■ Aim of the exercise: The listing below has to be output exactly as given, less its pictures.

■ Information supplied:
◇ ◇ ◇ ◇

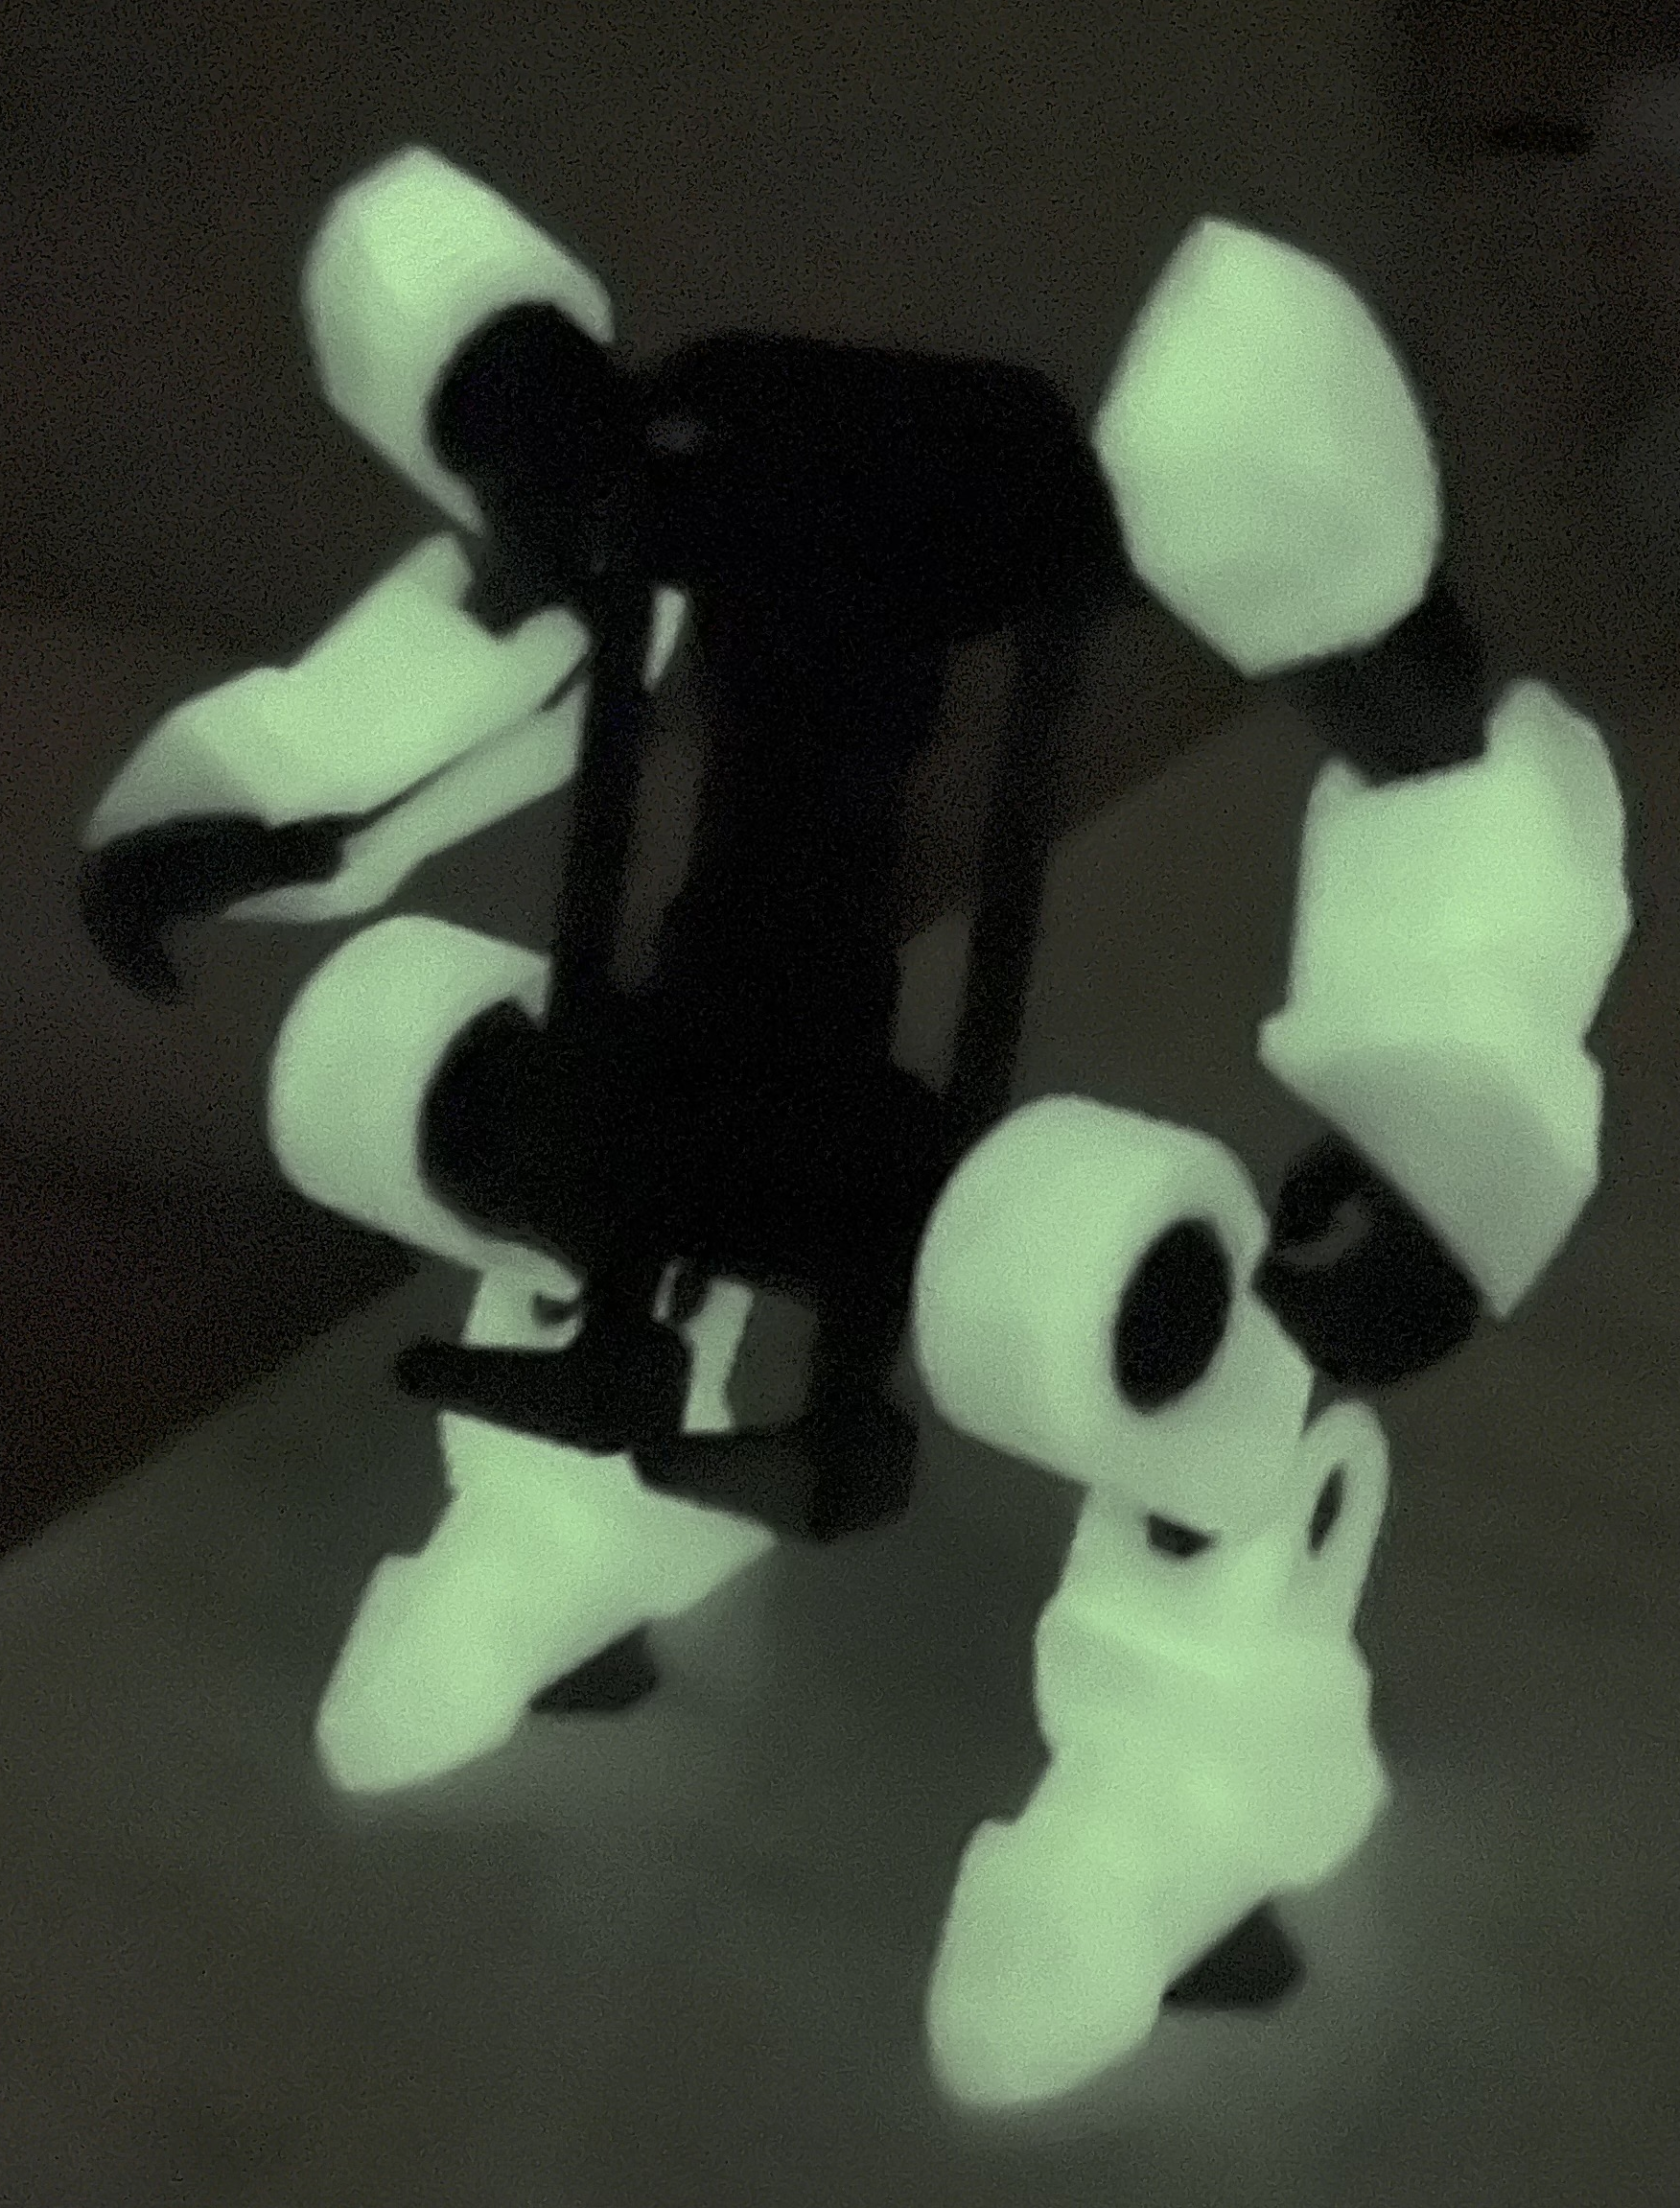 White Glow In The Dark And Galaxy Black Exo Suit Phone Holder
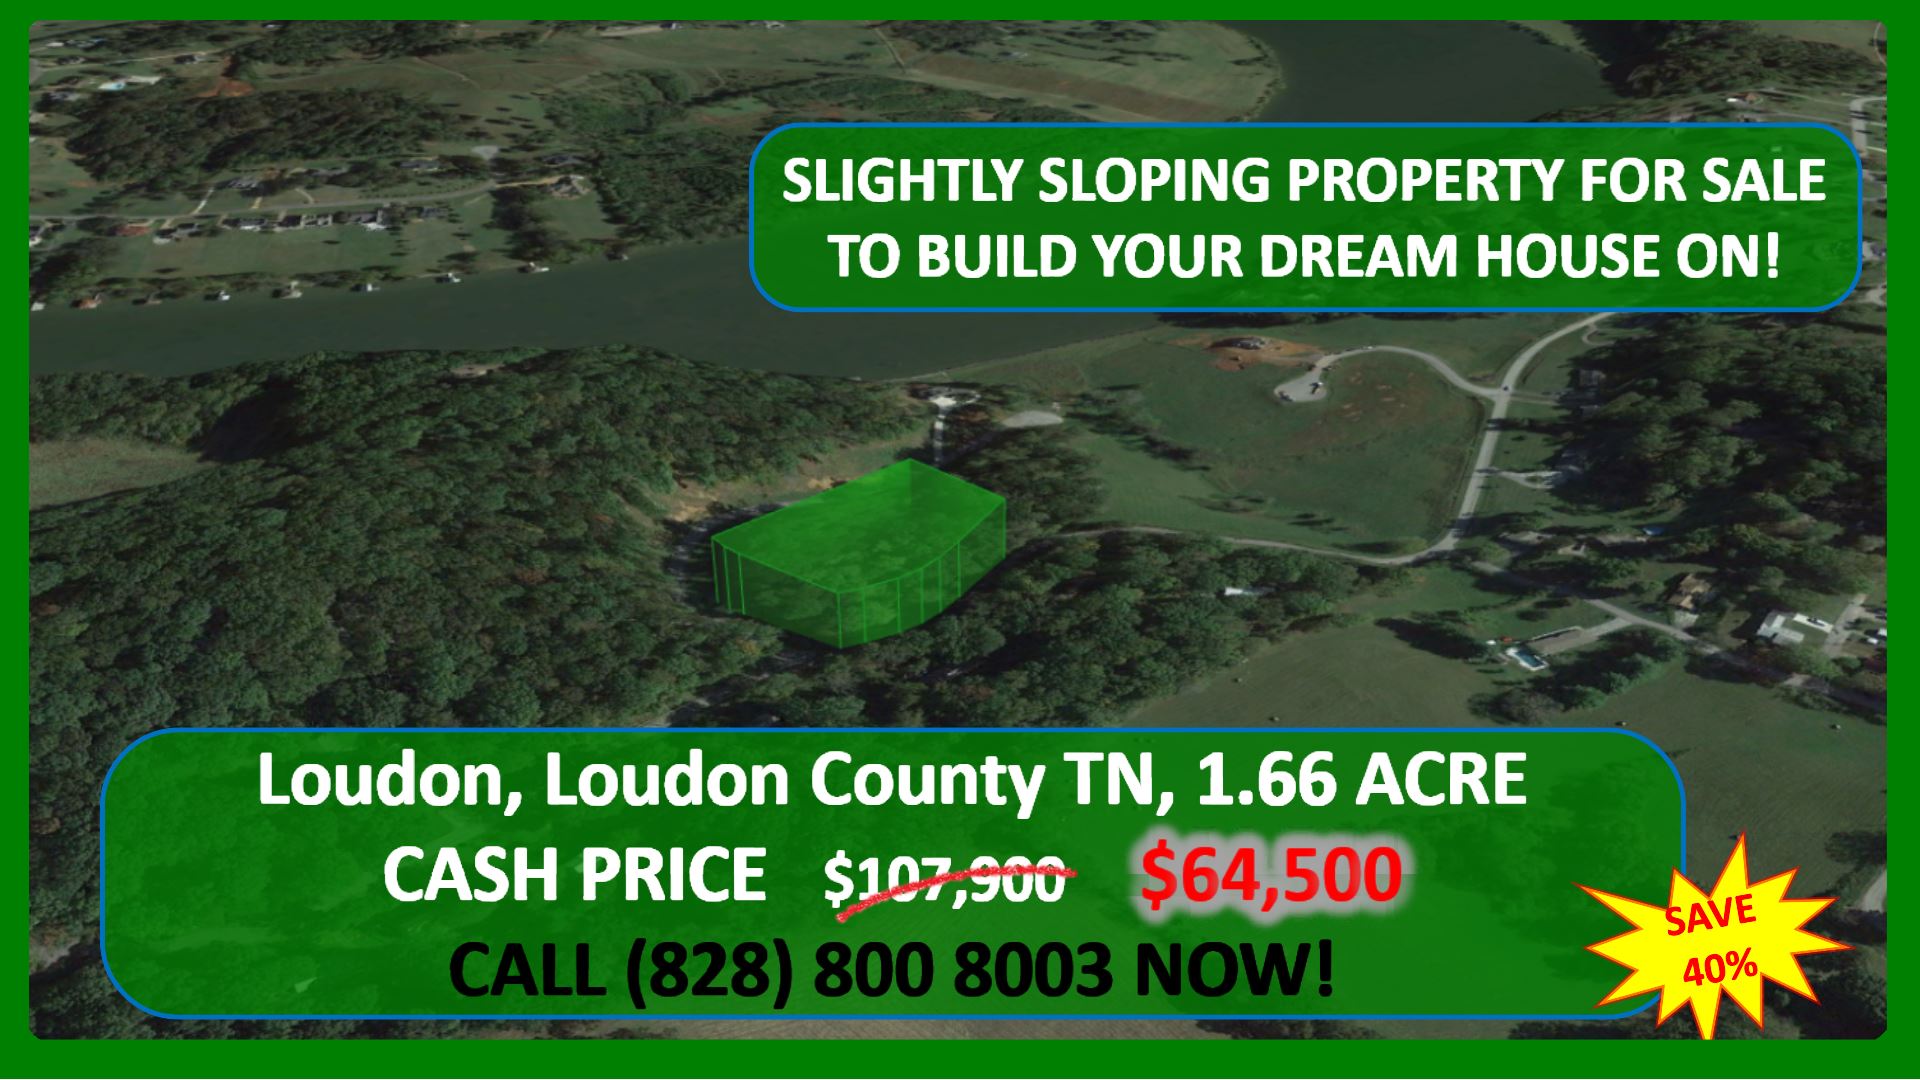 Beautiful, 1.66 acre Lot, close to Lake, ready to build your DREAM HOME on in Loudon County, TN
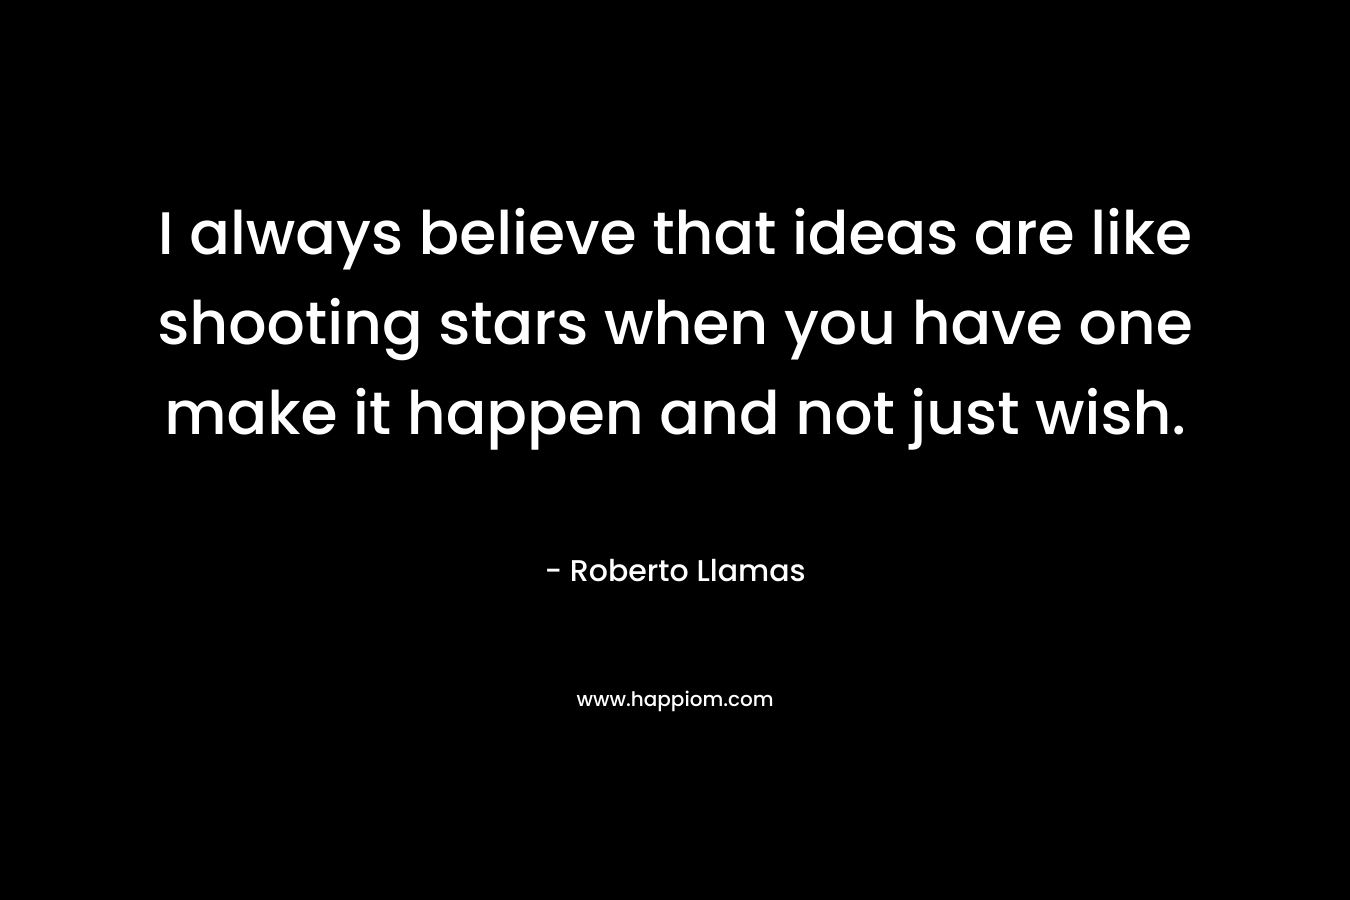 I always believe that ideas are like shooting stars when you have one make it happen and not just wish. – Roberto Llamas

◇ ◇ ◇ ◇

■ Worked solution:
 White Glow In The Dark And Galaxy Black Exo Suit Phone Holder
 Beautiful, 1.66 acre Lot, close to Lake, ready to build your DREAM HOME on in Loudon County, TN
 I always believe that ideas are like shooting stars when you have one make it happen and not just wish. – Roberto Llamas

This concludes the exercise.